This feels like the modern version of 'Sent from my iPhone' but much more invasive. Git commits are legal and technical records. Falsifying who authored a piece of code just to pump up AI usage stats is a huge breach of trust and it is disappointing to see Microsoft prioritize branding over the integrity of the developer's log. I expect my IDE to record what happened, not what the marketing department wants people to think happened.....
And also those early Spotify days where Spotify would automatically post what you’re listening to to your Facebook wall.
I’ve always seen that practice of using the user as your recommendation lever without their consent as unethical.
That makes the bite less damaging - if everyone hax "Co-authored-by AI" in their commits less shame for it, just a normal fact of life now, not a sign of low quality.
I think it's kinda cute that you don't see it as an attempt to steal code by claiming they "co-authored" it. How long before they claim they can use any code co-authored by Copilot in training? How long before you see your own code, "co-authored by Copilot" as an output in a commercial product that YOU aren't making a profit from? Just a thought :)
I've never heard of git commits being used in a legal case, do you have any examples?

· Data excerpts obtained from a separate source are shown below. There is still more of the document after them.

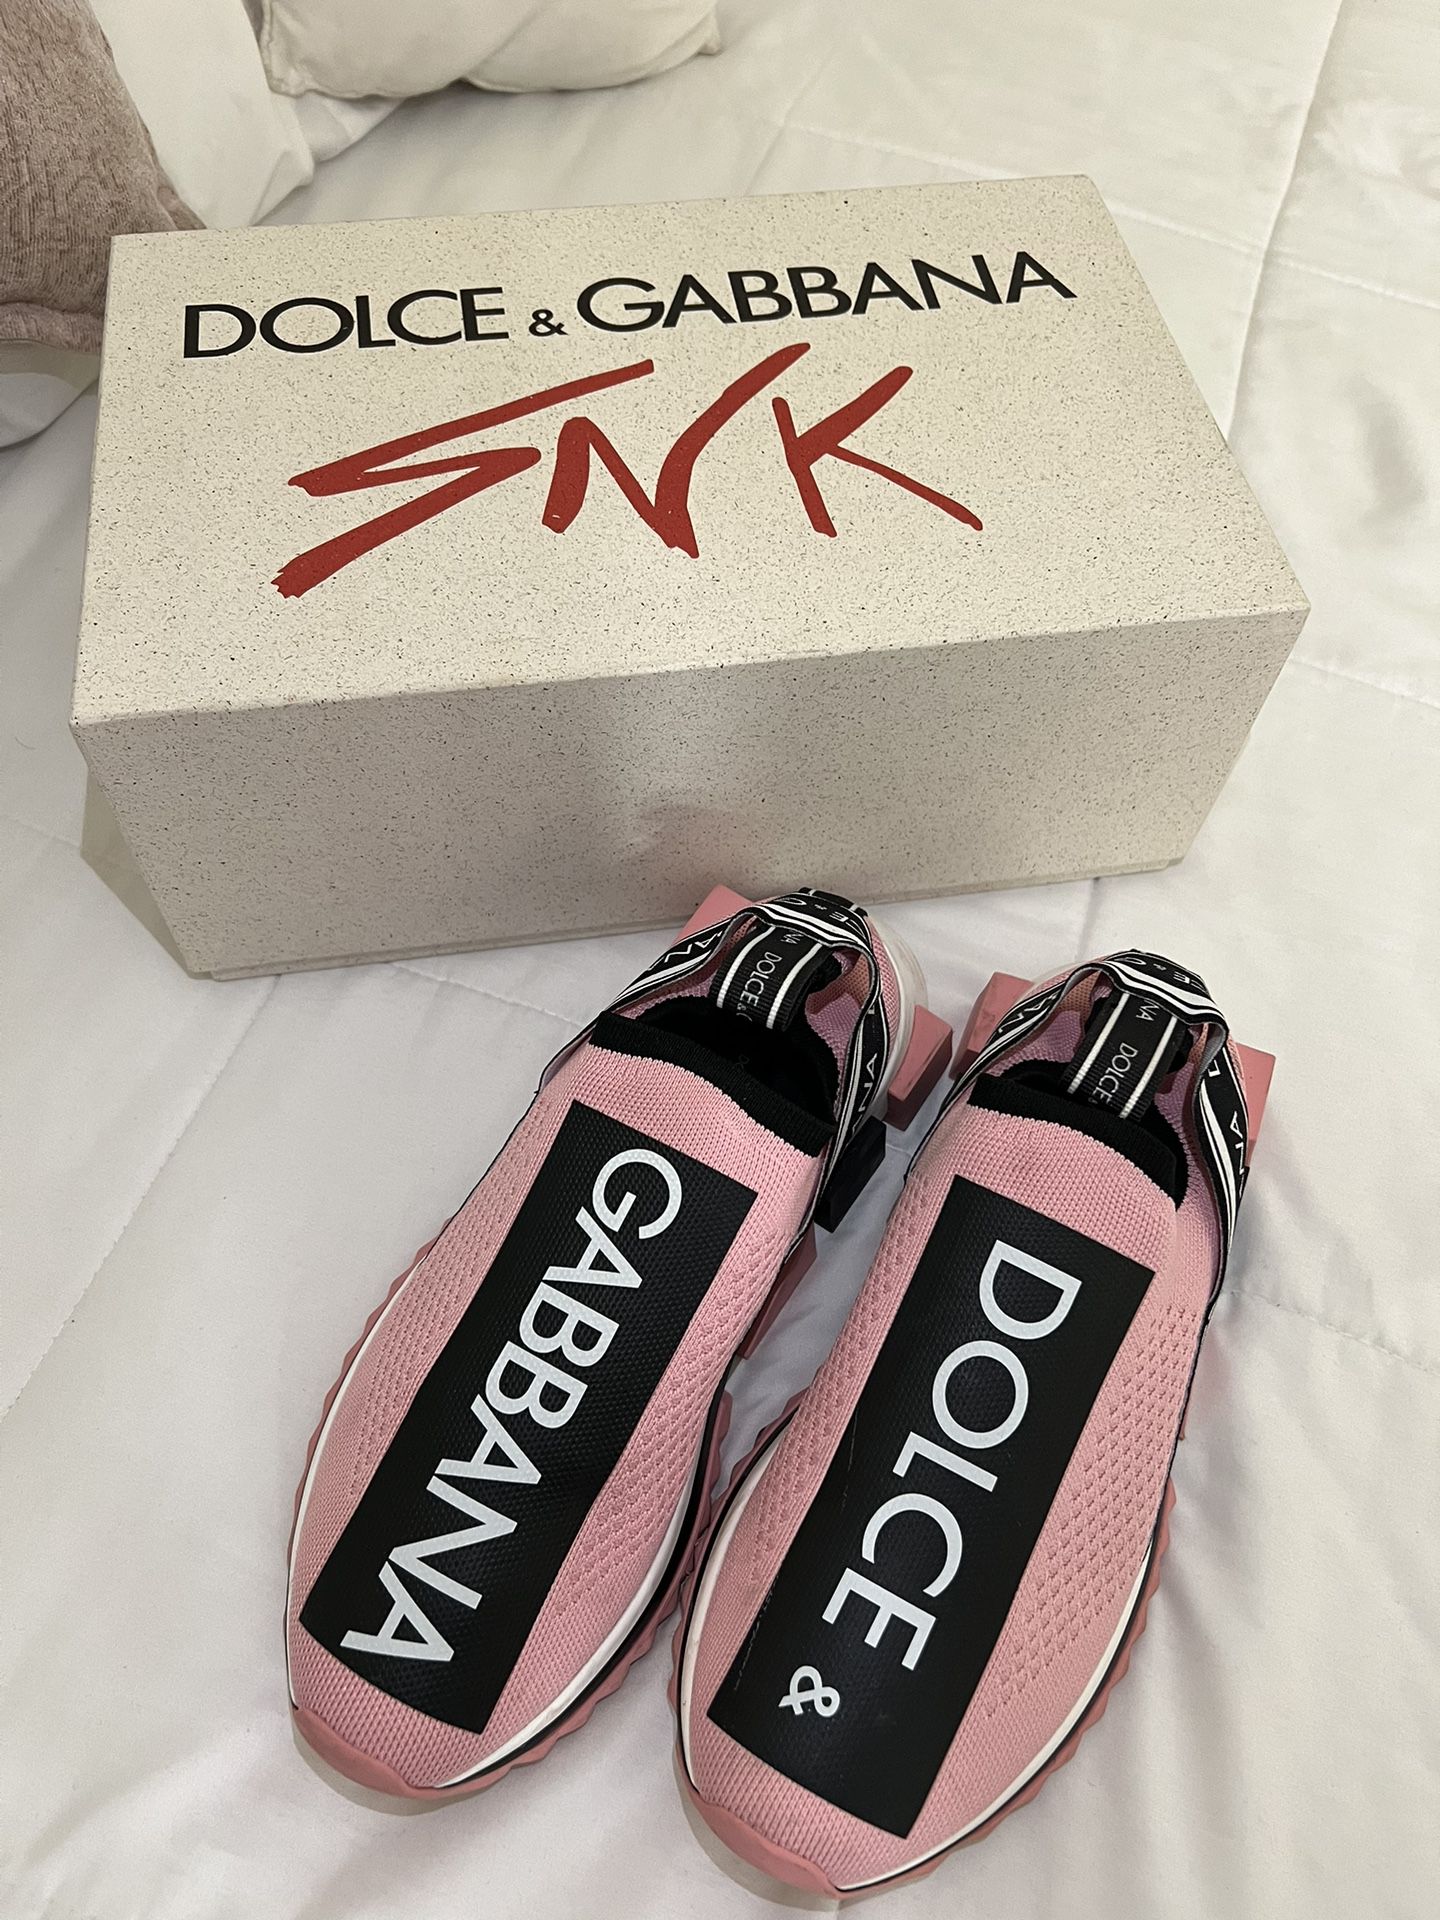 Dolce and Gabbana Original 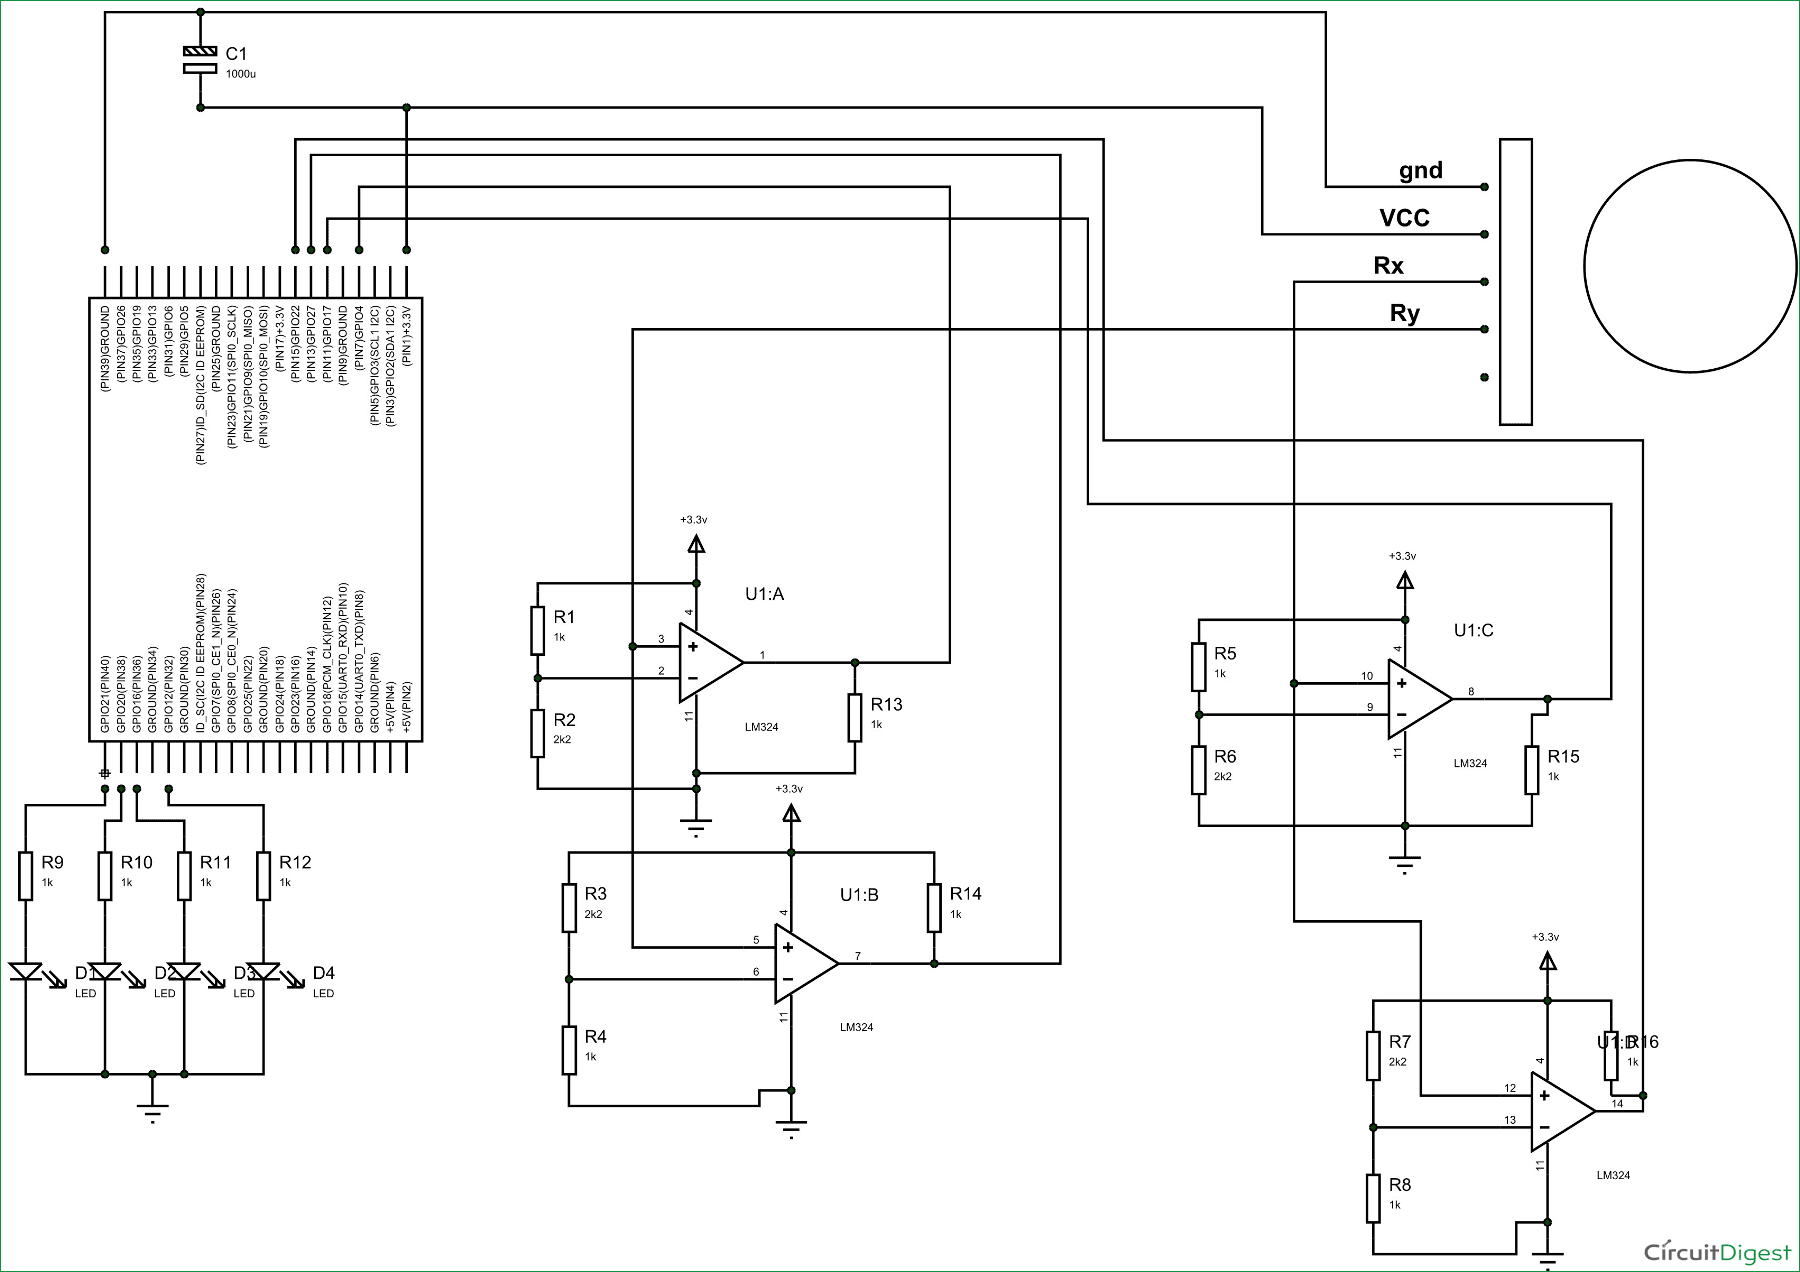 interfacing-joystick-with-raspberry-pi-circuit-diagram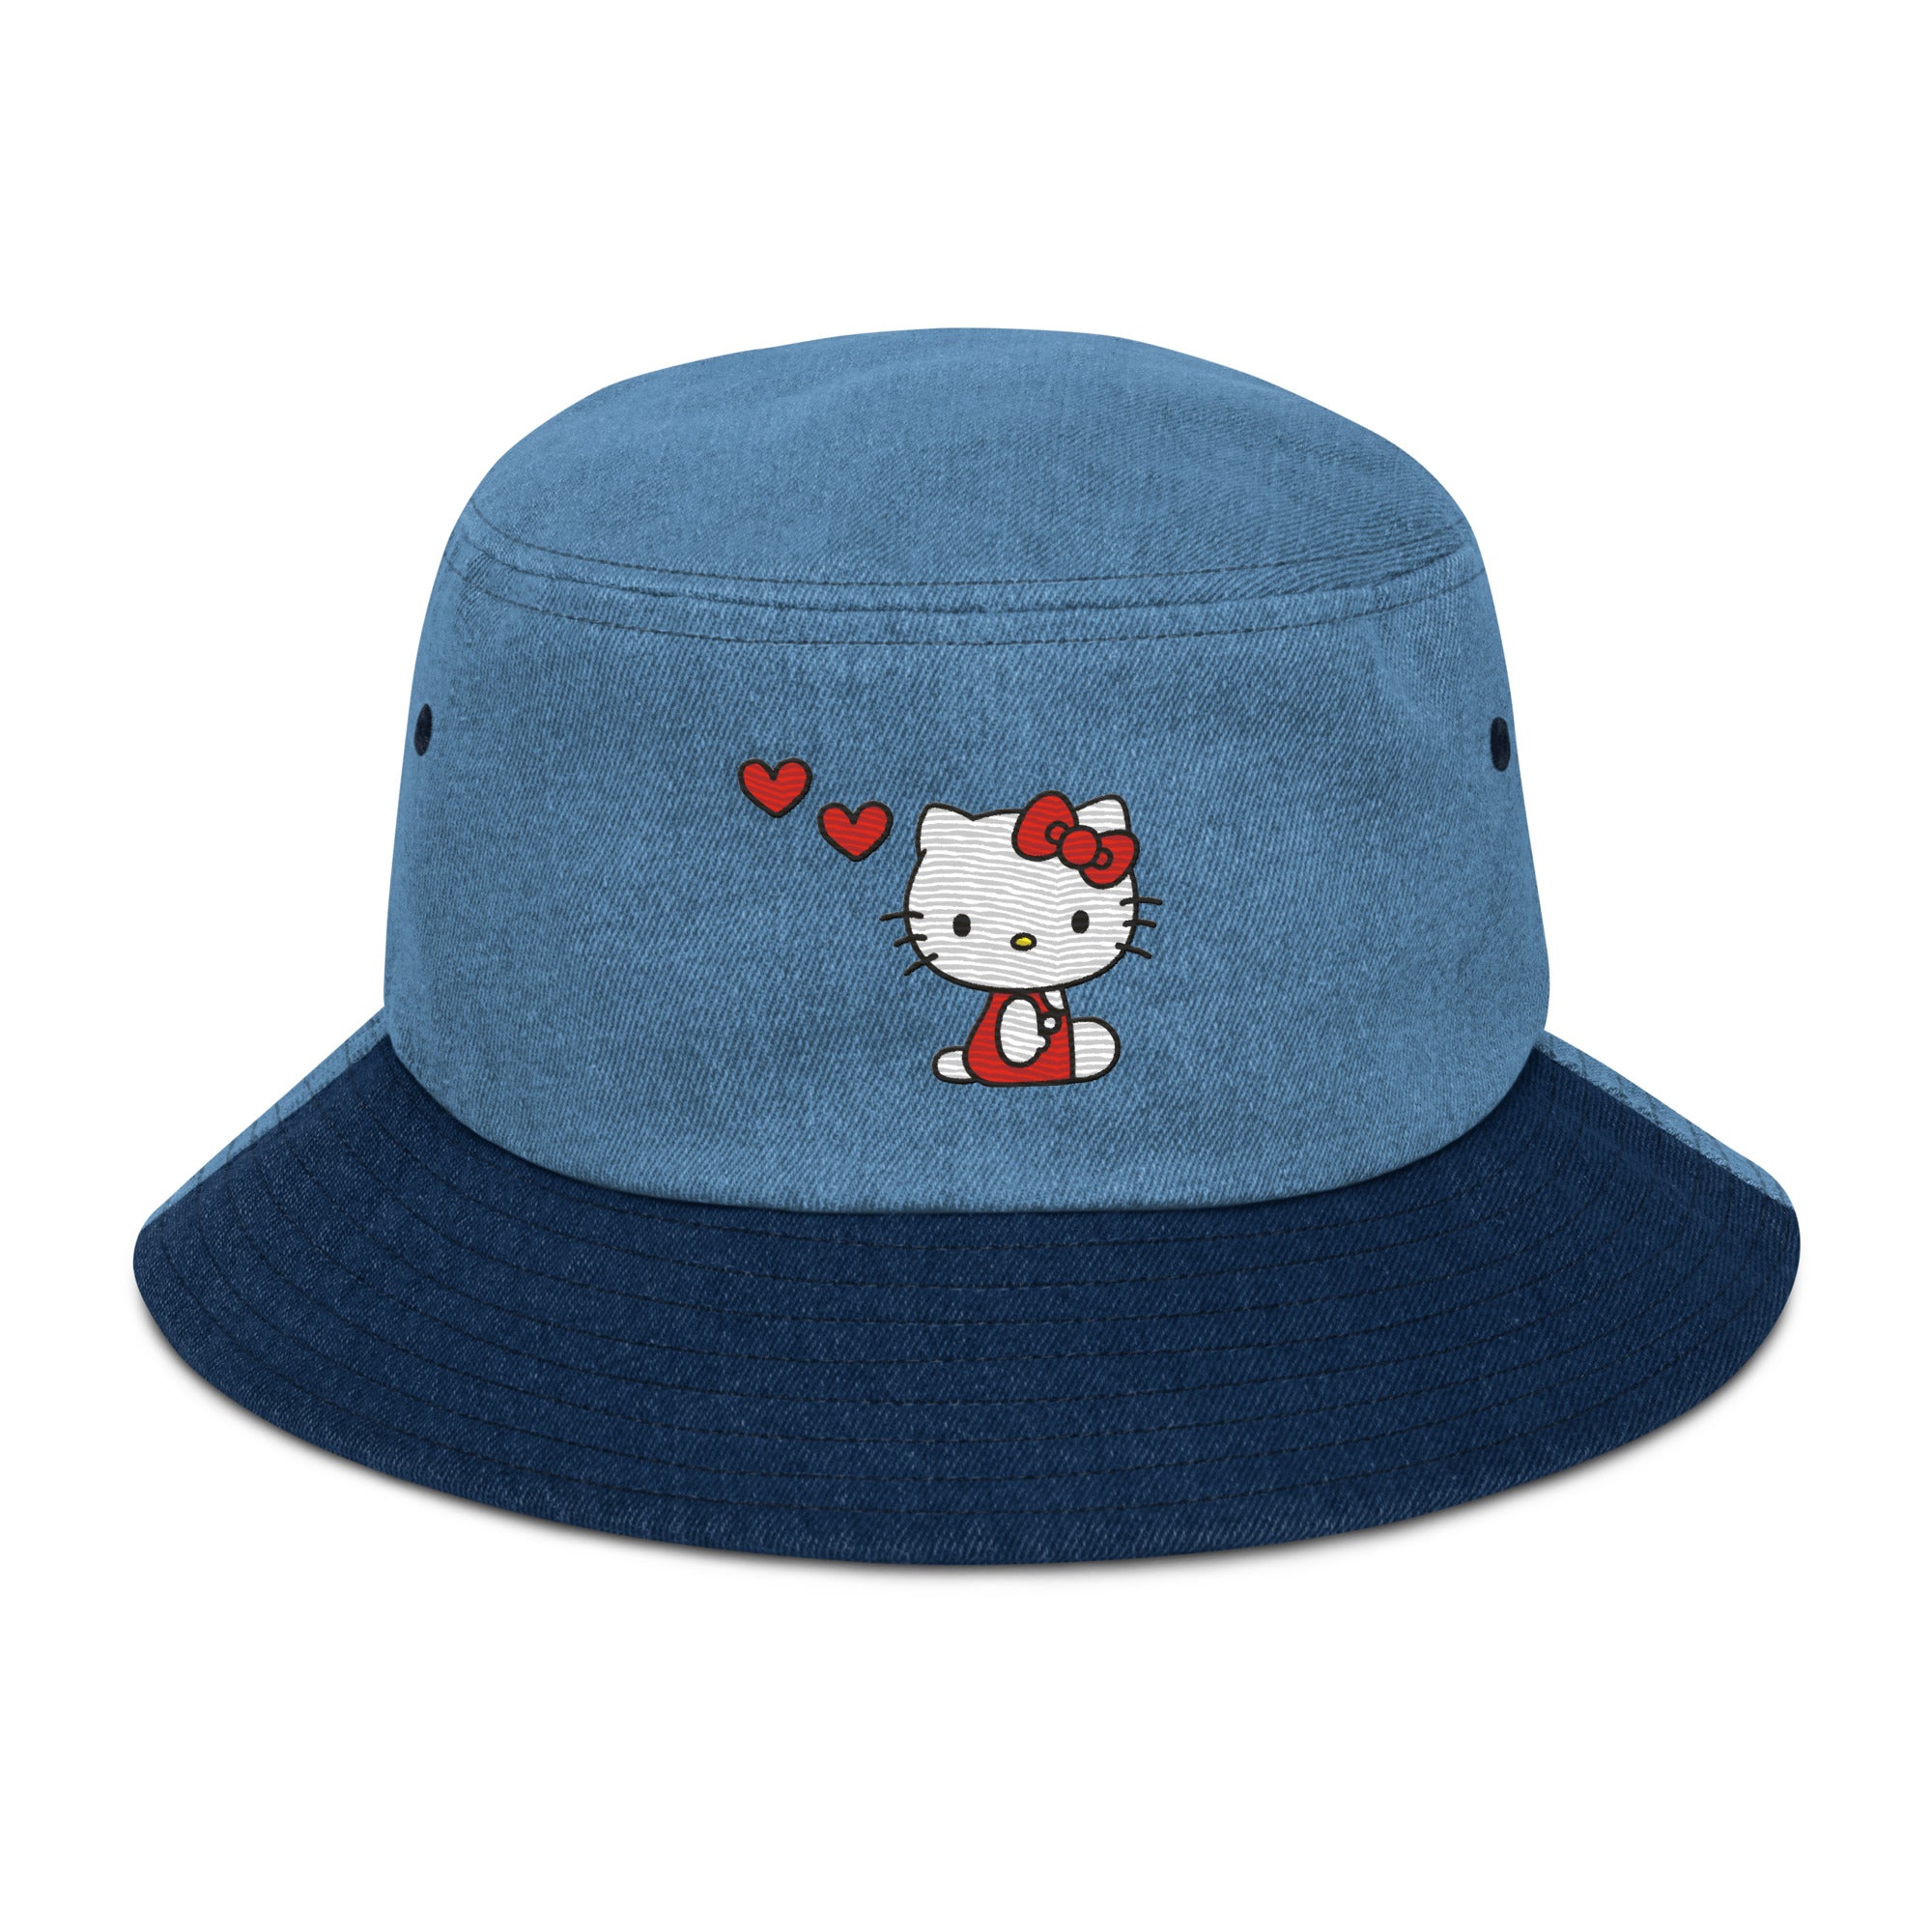 Hello Kitty Embroidered Denim Bucket Hat Accessory Printful Classic / Light Denim

Good point. That fake commit addendum means that the entire commit contents would not be under copyright protection. AI generated code is not currently copyrightable.
One could argue that Co-Authored by Copilot means 'not under copyright'
Absolutely, messing with commits is more invasive than messages. It gets worse:
"Sent from my iPhone" appears in the authoring view, and you can delete it.
Co-authored-by: NEVER appears in the commit message UI - it is added without the user even seeing it.